* PROVIDED MATERIAL:
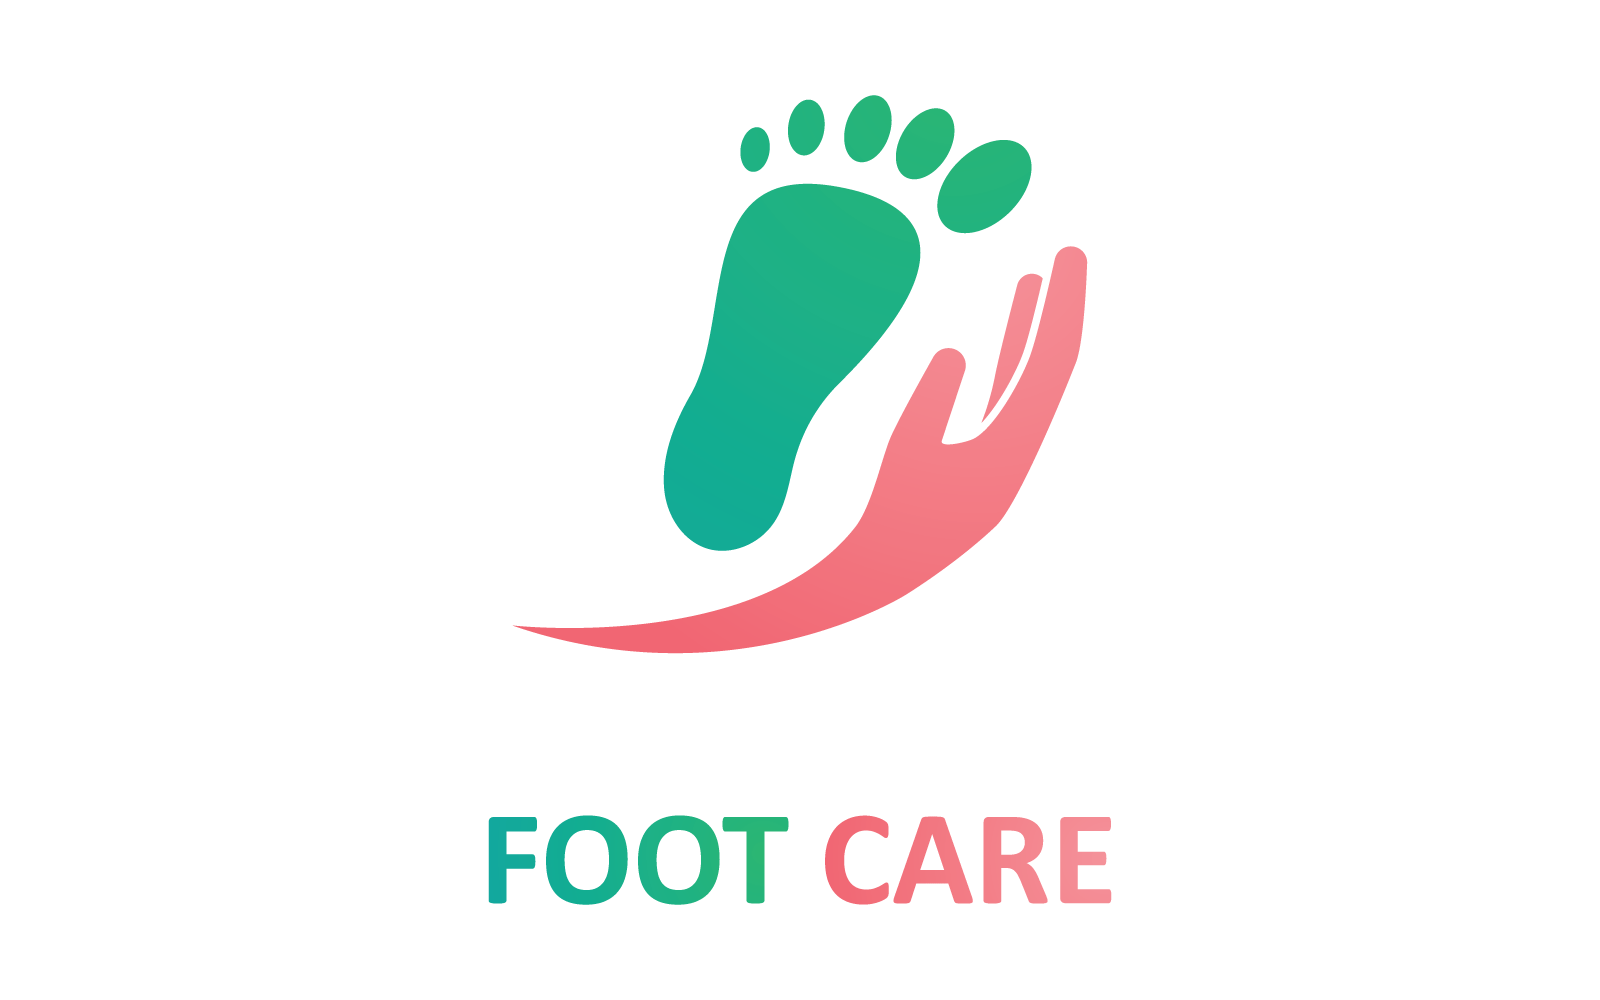 Foot care illustration logo icon flat design
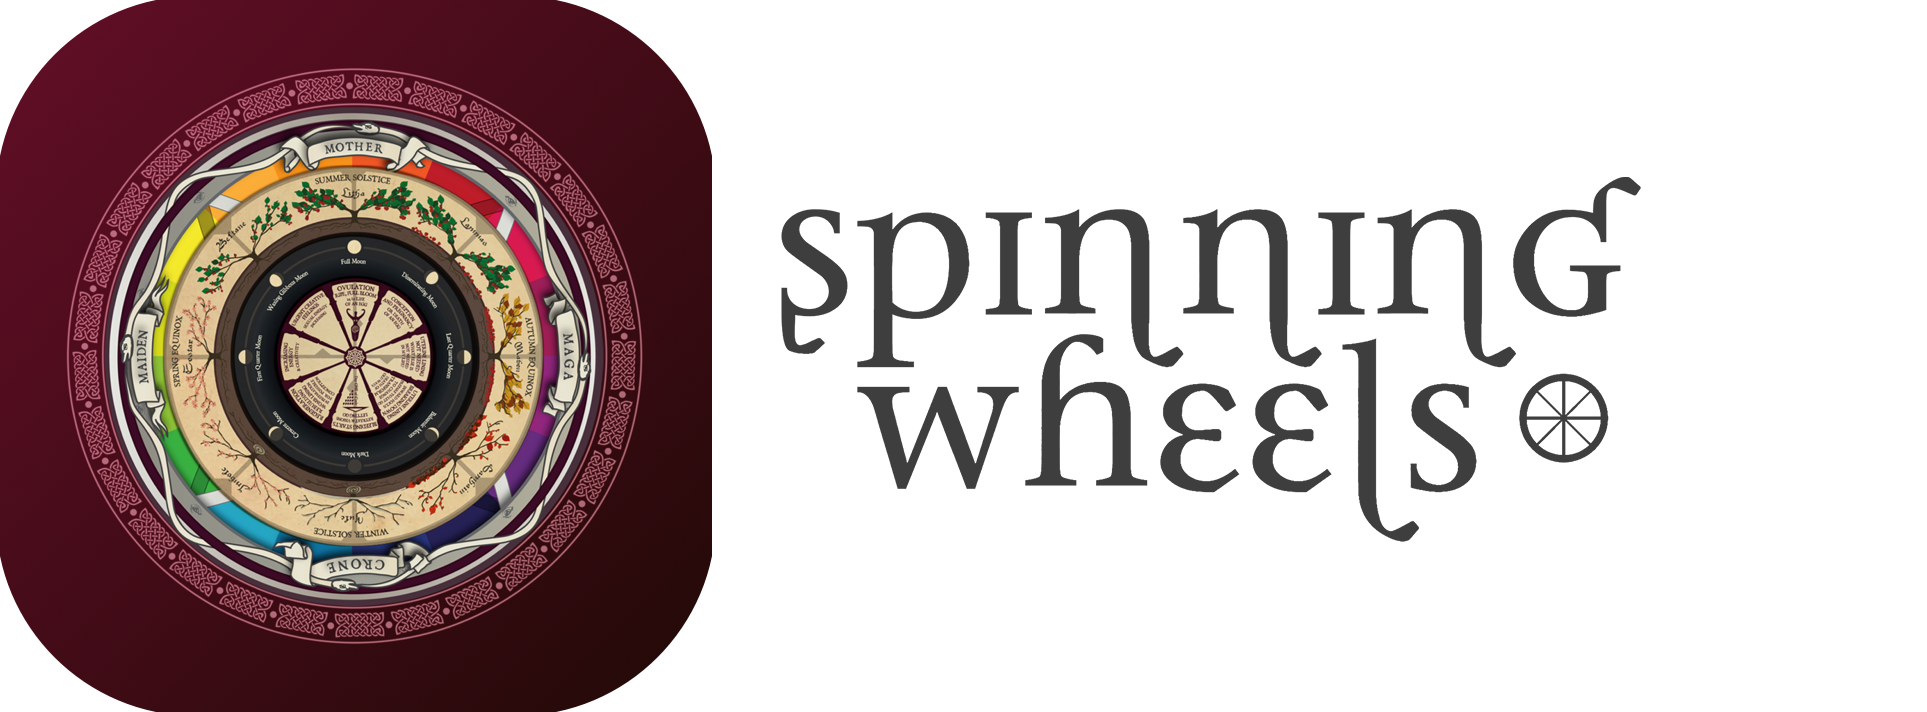 Spinning Wheels - Ovulation Calculator, Period Calculator, Period Tracker for Women’s Health & Wellbeing
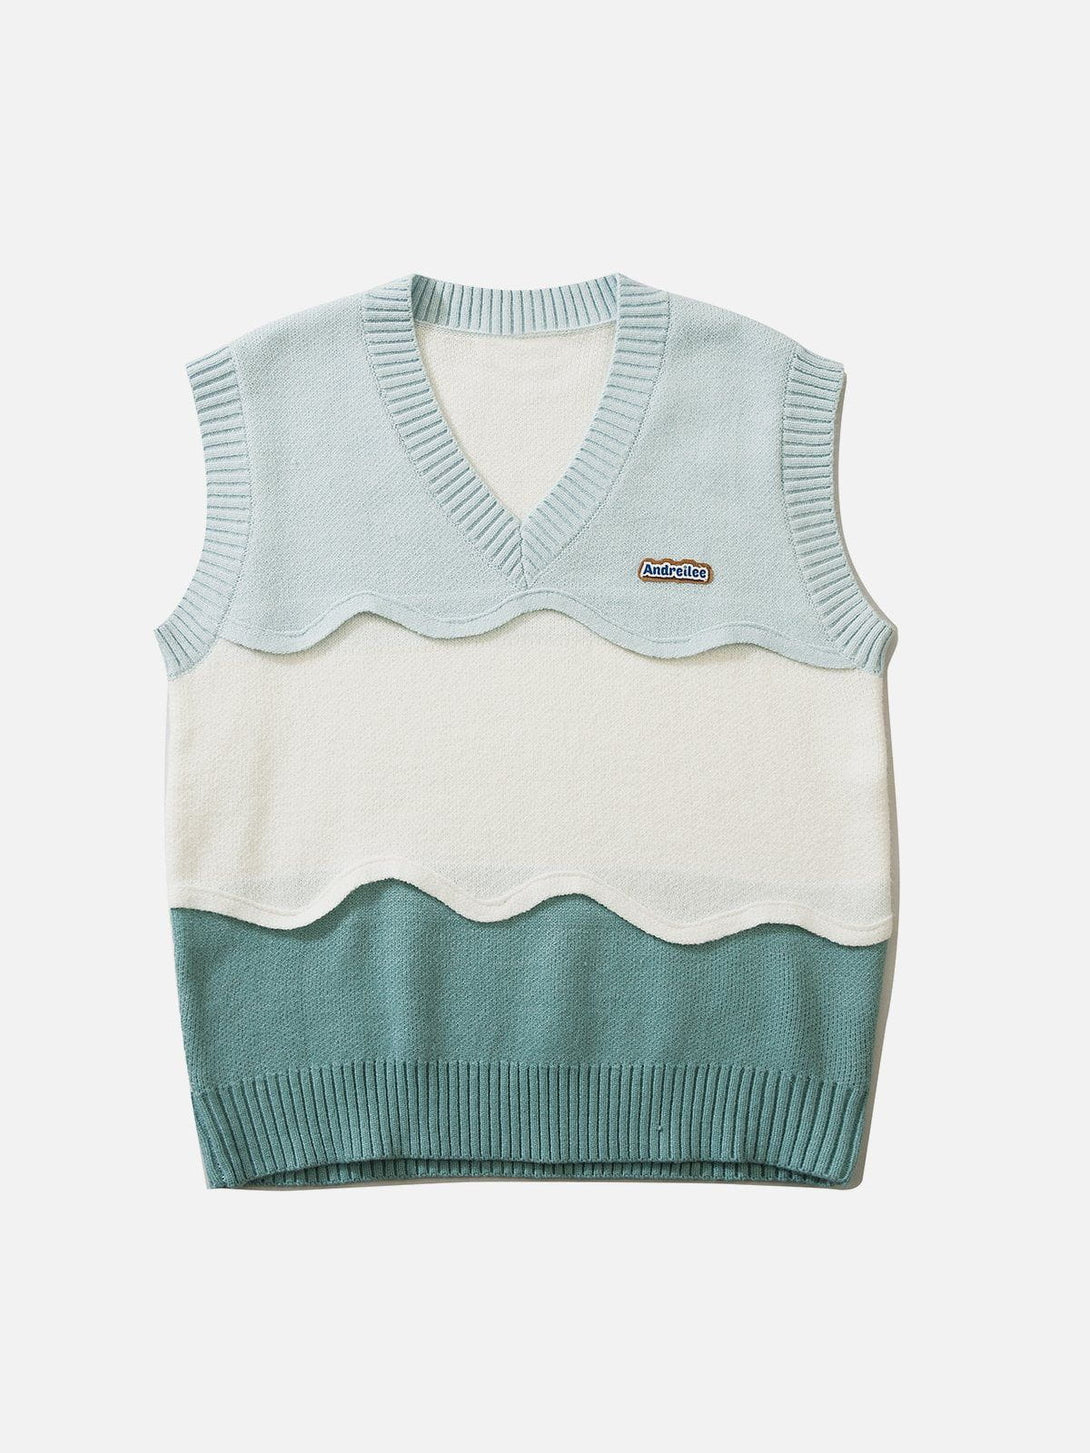 AlanBalen® - Tricolor Stitching Stripes Sweater Vest AlanBalen

* TRY IT: Restate all of the data word for word and include no pictures.

* EXPECTED ANSWER:
 Foot care illustration logo icon flat design
 Spinning Wheels - Ovulation Calculator, Period Calculator, Period Tracker for Women’s Health & Wellbeing
 AlanBalen® - Tricolor Stitching Stripes Sweater Vest AlanBalen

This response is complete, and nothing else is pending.